Speech Analysis in the Real World
We want to do a better job of analyzing audio recordings in which two or more people are talking, with overlaps and gaps and other sounds as well. We expect to make progress on key aspects of this problem. But an even more important result will be to document the remaining difficulties, and to lay out a roadmap for further research, including new task definitions and metrics.
One core aspect of the problem is “diarization”: Who spoke when, including accurate identification of overlaps when two or more people are speaking at the same time.
A parallel (and harder) problem is source separation: How to extract a version of the separate audio streams of interest, removing or ignoring signals that we don’t care about.
Members of the workshop team will be working on several specific applications in several different kinds of data, including the analysis of clinical interviews and of extended recordings from sources such as Lena wearable devices and police body cams.
The particular kinds of clinical interviews that team members have been working on include mood evaluation for patients with rapidly-cycling bipolar disorder, ADOS (“Autism Diagnosis Observation Schedule”) interviews, picture-description task recordings for patients with various neurodegenerative disorders, and patient conversations with doctors in training.
In some of this research, there is diagnostically valuable information in purely phonetic measures such as latency to respond, the distribution of speech and non-speech segment durations, the nature and distribution of filled pauses, syllable-production rates as a function of speech segment length, properties of f0 and amplitude functions, and so forth. These measures can be automatically extracted -- as long as diarization is accurate.
Other features depend on accurate recognition and analysis of the words used -- but of course the interpretation of these features also depends on which words were spoken by whom. “Meeting summarization” has been a long-standing goal of automatic speech processing research. In the case of clinical conversations, we’d like to analyze automatically how doctors interact with patients, which information ends up in the medical note, and if automatically extracted indicators correlate with how well a patient follows up on the doctor’s recommendations. This would allow us to improve training of caregivers, save doctors time, and thus improve patient care.

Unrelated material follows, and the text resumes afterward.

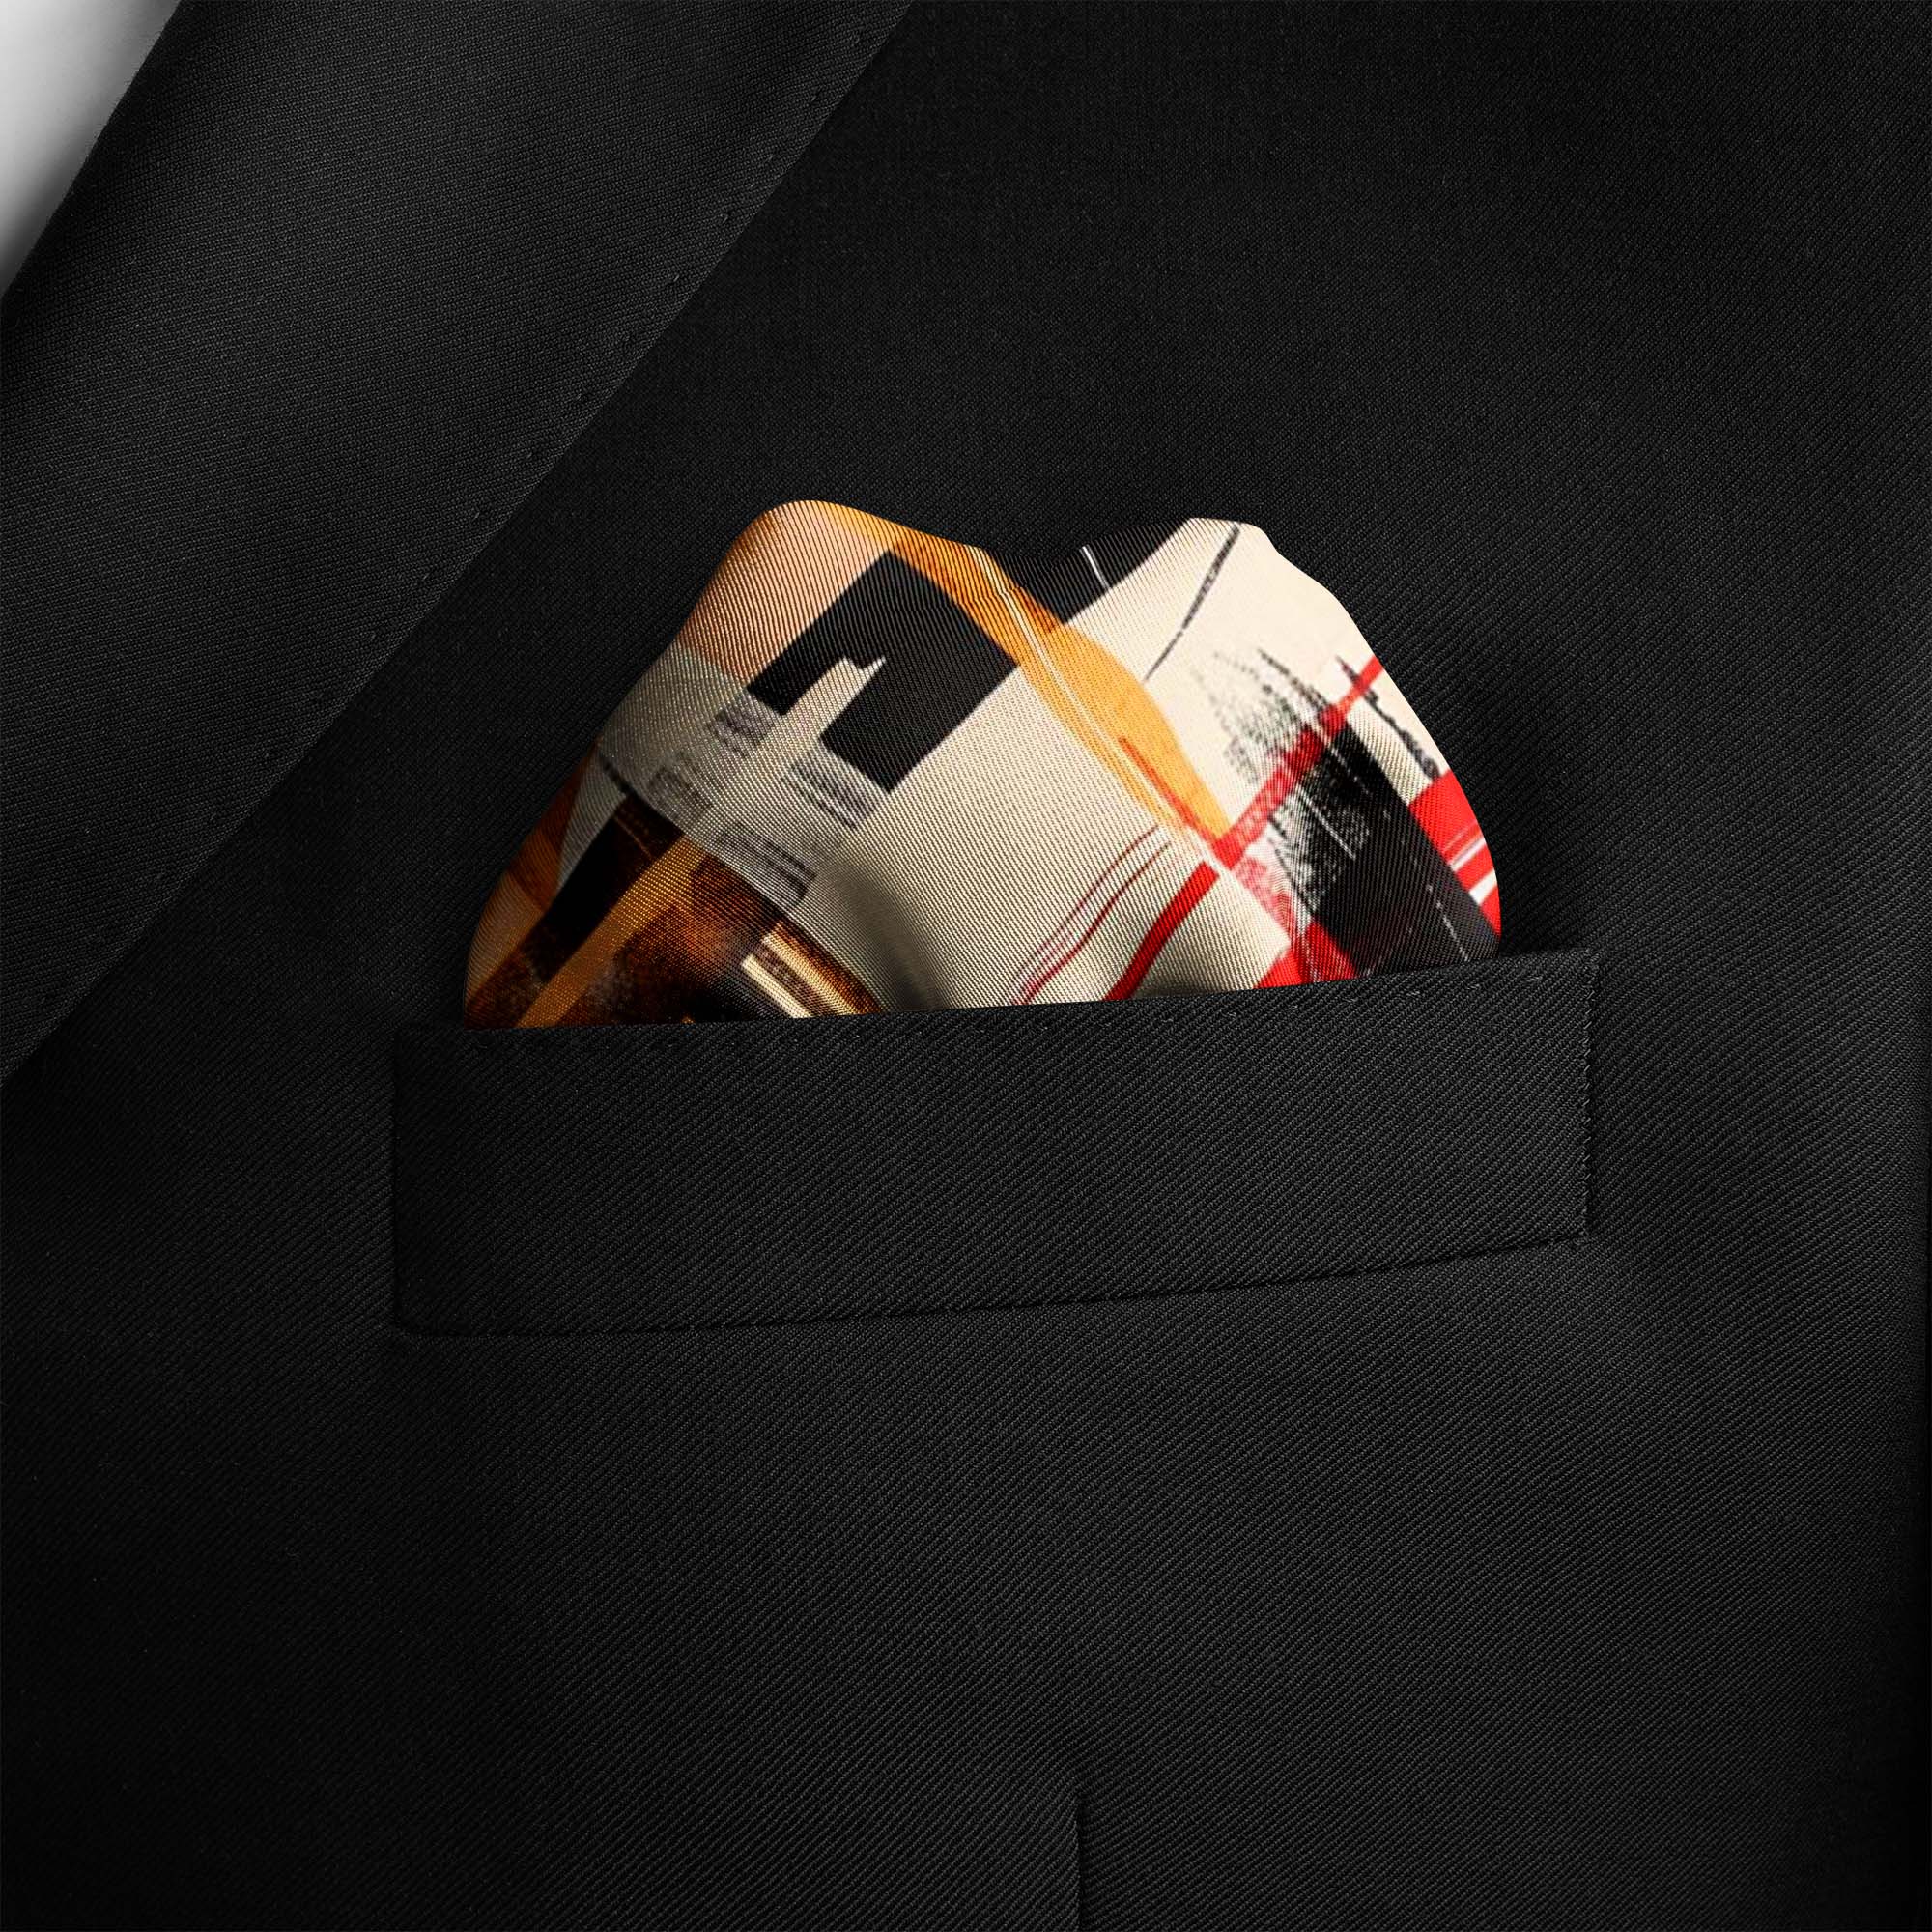 WARM LIVELY ABSTRACT PATTERN SILK POCKET SQUARE

Finally, we plan to explore the application to these conversations of the kind of simple functional analysis that identifies questions and answers, backchannels, interruptions, and so forth.
Another data type of central interest to the workshop team is extended audio streams of the type that are becoming more and more common. As one particular example, we’ll be looking at the HomeBank archive at CMU, featuring 24/7 recordings of children’s linguistic experience and linguistic development. These recordings are challenging because they exhibit a wide range of acoustic conditions, with sometimes sparse and sometimes intense vocal activity. Typical tasks include identifying child-directed speech, identifying conversations among family members and others, locating and classifying the child’s vocalizations, identifying TV and radio streams, and so on. Team members have also addressed analogous problems of large-scale stream analysis in the case of police body-cam recordings.
Our experience is that existing diarization algorithms can’t be depended on to work well enough, across the range of recordings we have been working with. We also find that existing metrics for diarization give a misleadingly rosy picture of the state of the art, because of the size of “collars” used and the treatment of overlaps (which are basically ignored). Lower-quality recordings and larger numbers of speakers can make things much worse, as can data in which an individual speaker uses a wide range of levels of vocal effort. And in recordings with high levels of overlap, the ability to detect the overlaps and to extract relevant features from the separate streams becomes increasingly important.
The identification of rare occurrences in recordings is another problem that existing metrics are not sensitive to. Particularly where the number of speakers is unknown, clustering methods struggle to identify speakers who only appear for one or two utterances within a recording dominated by other speakers. Similarly, short utterances as small as one syllable can be difficult to find while hidden among both other speech or non-speech audio, and they can be too short to effectively extract an i-vector as a means of determining identity. By definition, the impact of these rare events on existing overall diarization metrics will be small, but in some applications, they may be extremely important.
In previous work and in specific preparation for the workshop, team members have explored a variety of techniques to improve overlap detection in both artificial and naturally-occurring datasets; to explore new features, new methods, and new metrics for the overall problem of diarization; and to design and test various approaches to model-based source separation. One promising line of research looks at the use of multiple-channel recordings, including cases where the microphone properties and placement are not known in advance. And since we aim to develop methods that are not dependent on particular recording characteristics or interactional contexts, the workshop team will have access to a large number of diverse datasets, as well as techniques for creating artificial data by adding noise, imposing distortion, etc,
As a result, we’re confident that the workshop will achieve both of our goals: we’ll be able to document progress on overlap detection, on robust diarization, and on analysis of overlapping segments; and we’ll use our failures to characterize the remaining difficulties and to lay out a path for further research.